What are all of our options for responding to the problem? Do nothing, give naloxone to the family, give the addict an apartment, heroin maintenance, give the addict a place to inject, opioid maintenance, incarcerate the addict, institutionalization, provide cheap and crappy treatment, provide expensive treatment in disconnected serial episode whenever they crash and burn . . . or provide a treatment model that we know works–long term treatment that emphasizes recovery maintenance in something like a mutual aid group followed by long term (5 years) recovery monitoring and support.
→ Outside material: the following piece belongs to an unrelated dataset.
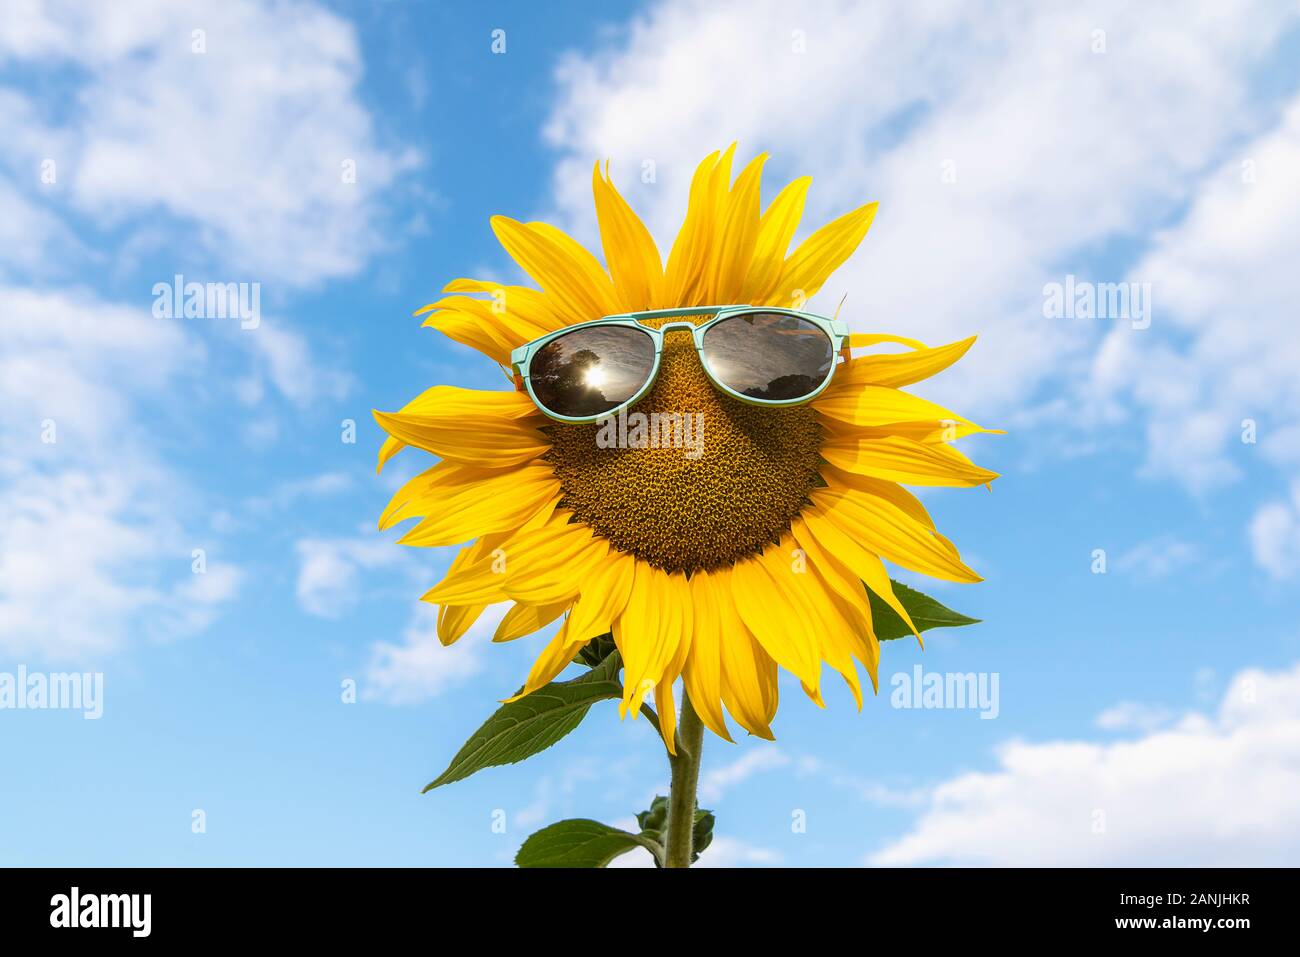 Funny sunflower with sunglasses against a blue summer sky. Single yellow flower with sunglasses. Summer vacation. Happy summer holiday. Cute sunflower Stock Photo
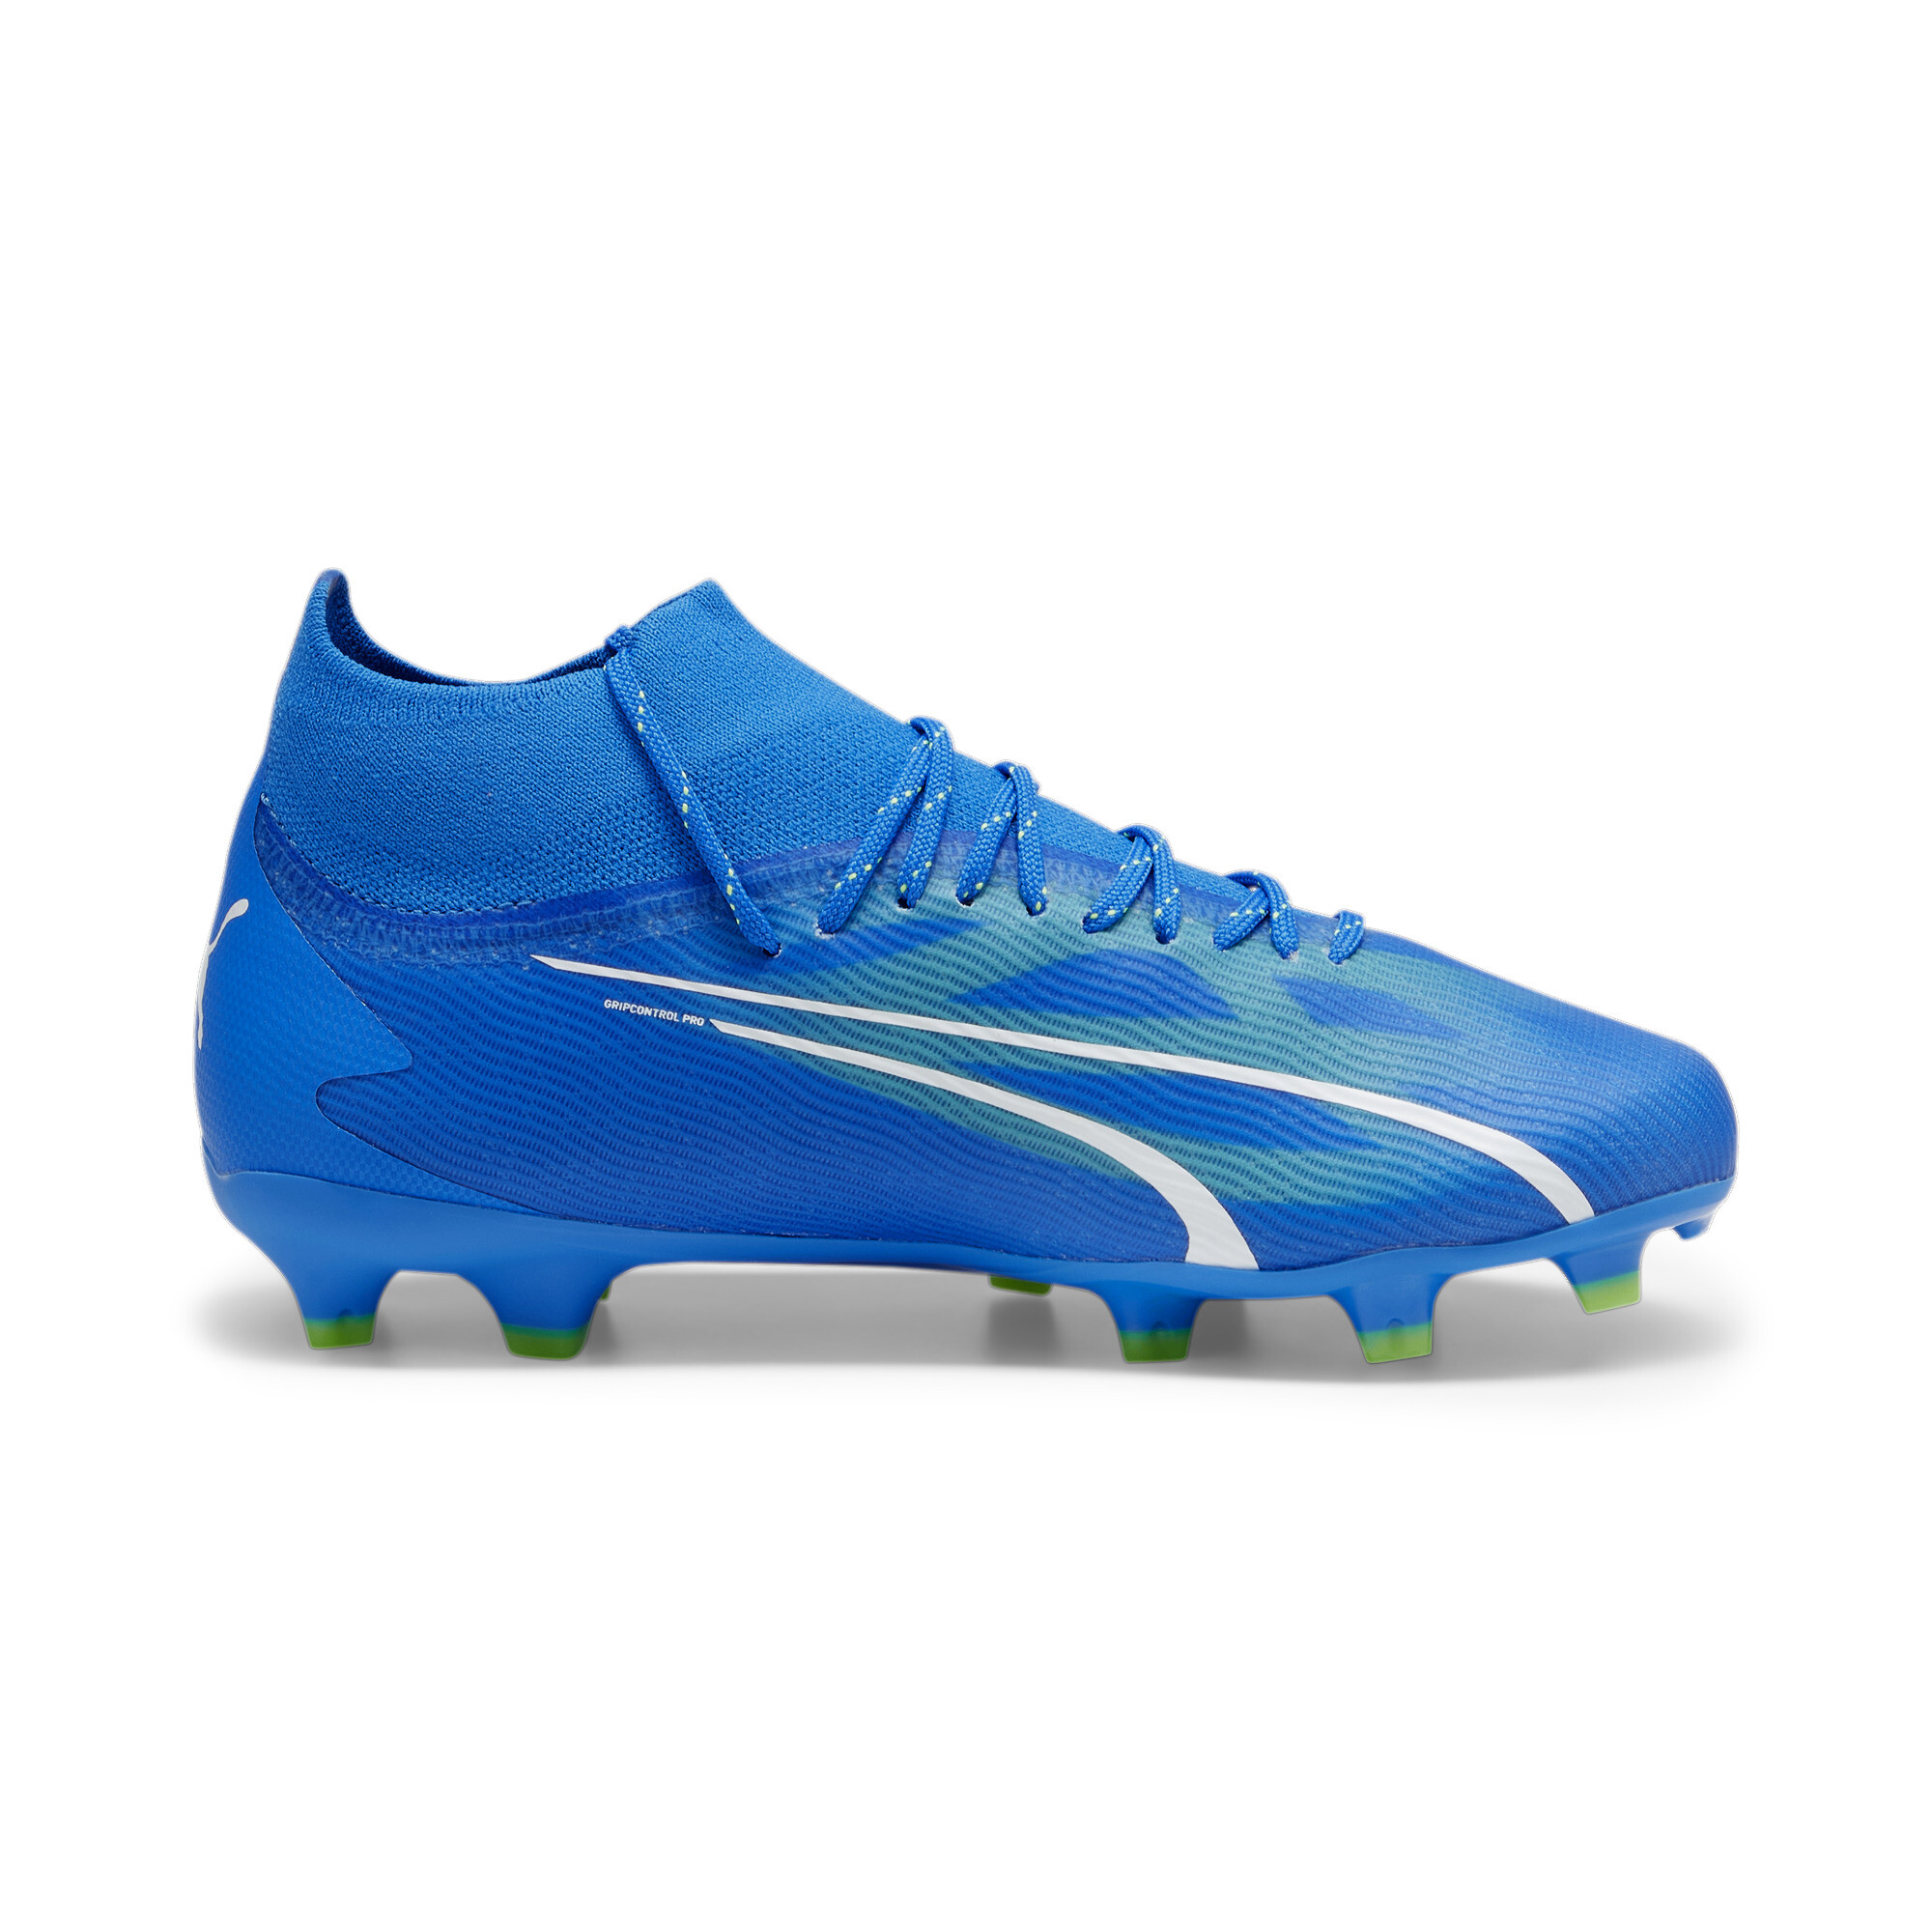 Puma ULTRA PRO FG/AG Youth Football Boots, Blue, Size 37.5, Shoes

People say it’s too expensive, but my agency could do it for around $27,000.
My problem is that we don’t provide meaningful treatment for the illness that is killing them and their families suffer as much or more than the addict.
This feels a little like denying effective care to people who are debilitated and at risk of death from cardiac disease but giving their families defibrillators for their next heart attack.
It’s the context that matters. If they are getting good care, the defibrillator may provide some reassurance. If they are being denied good care, it is a symbol of abandonment. Can you imagine that no one is offering real help and you’re stuck just waiting for the next heart attack? Sounds like hell to me.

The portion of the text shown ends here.